If nothing hits you like it hits you when you’re a teenager – and there have been studies showing that music sticks to autobiographical information about our lives and evokes those times – it makes sense that I would want to chase that high. And I found it at those concerts: Bikini Kill was electrifying, I cried when Yeah Yeah Yeahs did Maps and, as the saying goes, hearing a 60% good Reptilia is still better than no Reptilia at all.

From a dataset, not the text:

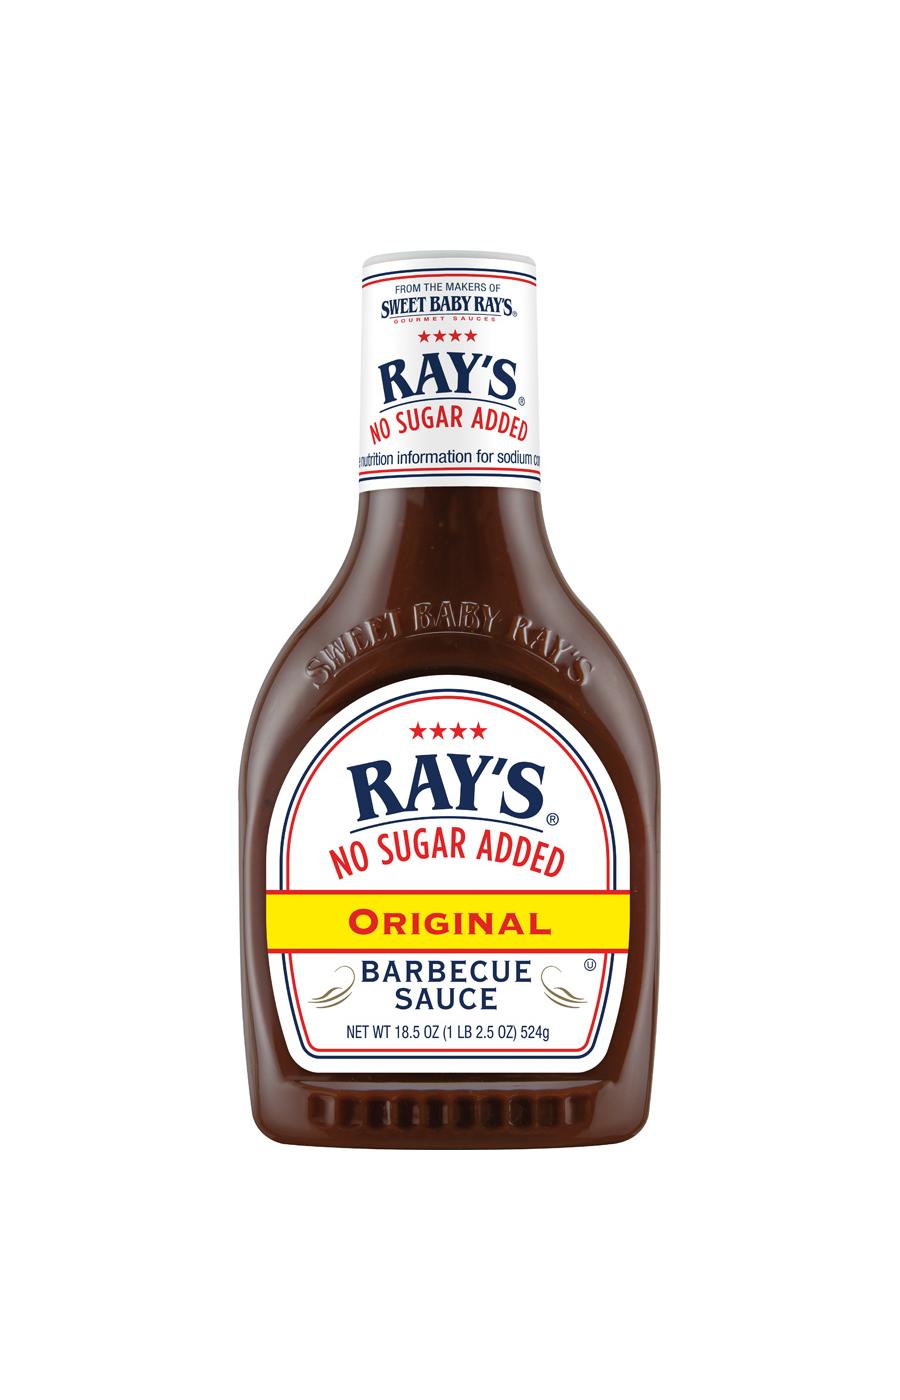 Sweet Baby Ray's No Sugar Added Original Barbecue Sauce; image 1 of 4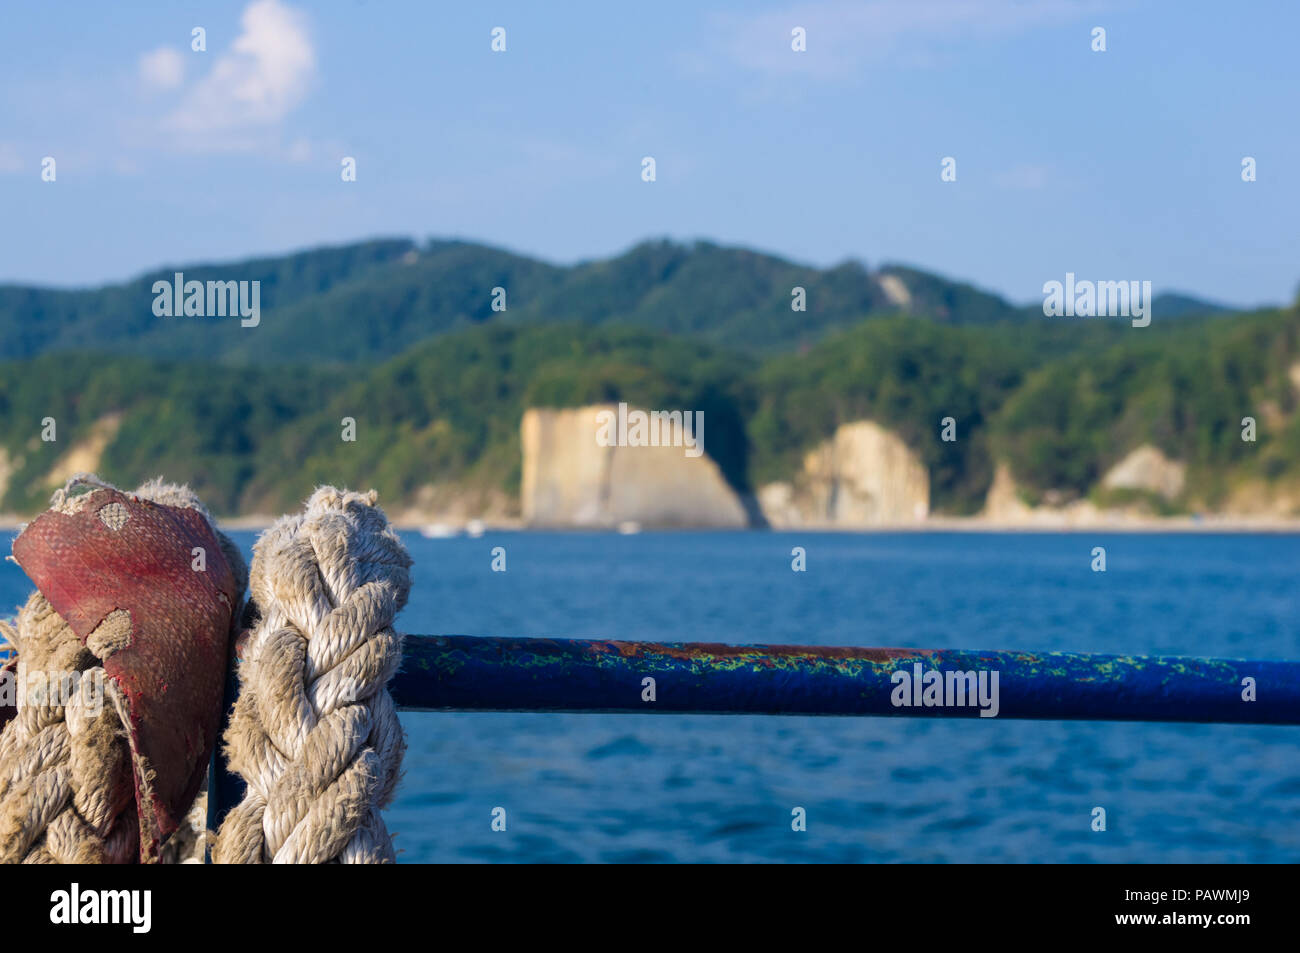 Old braided rope on the wooden deck of a sea boat, cleats, anchor mechanisms Stock Photo

There’s science behind it too. When we listen to a song we used to love, the reward centre in our brain is flooded with dopamine, serotonin and every other chemical you might have tried to artificially conjure in a midnight paddock. You chuck on the Hardest Button to Button by the White Stripes and your brain is like “let’s go, boys!”, rushing forward with ping pongs of pleasure and memories of eating hot chippies in the back of the school bus while listening to your Discman. “Musical nostalgia, in other words, isn’t just a cultural phenomenon,” says Slate’s Mark Joseph Stern. “It’s a neuronic command.”

‘Heritage to me is Elton John, but I guess it’s Bloc Party too.’ Kele Okereke of Bloc Party performing in 2012. Photograph: Jordi Vidal/Redferns/Getty Images

But what does that mean for finding new music? When I was younger, I dedicated time and effort to discovering bands – and when I found one, the thrill was intoxicating. Who knew where my next favourite song might come from? A rogue SoundCloud link, a muddy MP3? It was like falling in love. Studies have found that when you reach your thirties, though, your musical curiosity kind of evaporates. A survey by the music streaming platform Deezer (no idea) found that your music discovery peaks at 24 and by 30 you simply stop looking for new tunes. Of around 1,000 music listeners, 47% said they wanted to find new bands, but thanks to jobs and kids they didn’t have the time. I get it – I too have less time these days – but I also have greater resources: vast rivers of algorithms providing endless new music, just waiting to be discovered. The music is out there! Why aren’t I looking for it?

If I’m disturbed by all of this (I’m fine!), there might be a little bit of internalised ageism at play. I don’t want to eventually become a Keith Richards figure and decide that music I don’t understand is just “people yelling”; the sort of person who writes a piece in the Guardian about being in a musical rut, which younger colleagues roll their eyes at (oh no). Musical taste is so intertwined with the formation of our identities that it’s an easy thing to catastrophise. Besides, my nostalgia trip may just be a case of access: the return of the indie sleaze aesthetic has made the popular bands of the early to mid-2000s big business again. And even if it hadn’t, heritage acts have always funded the musical economy. Heritage to me is Elton John, but I guess it’s Bloc Party too.

At least when I do actually put effort in, I can still find stuff I love. It might not produce the high it did when I was 14, but the thrill of connecting with something completely new – while listening to NTS or Triple R while I work, or receiving links from friends who, thankfully, still treat musical discovery like a calling – remains immediate. There’s still some life in this leather jacket yet. But if you’re wondering if I want to see the Chemical Brothers and the Presets while enjoying a crisp riesling, the answer is yes. A thousand times yes.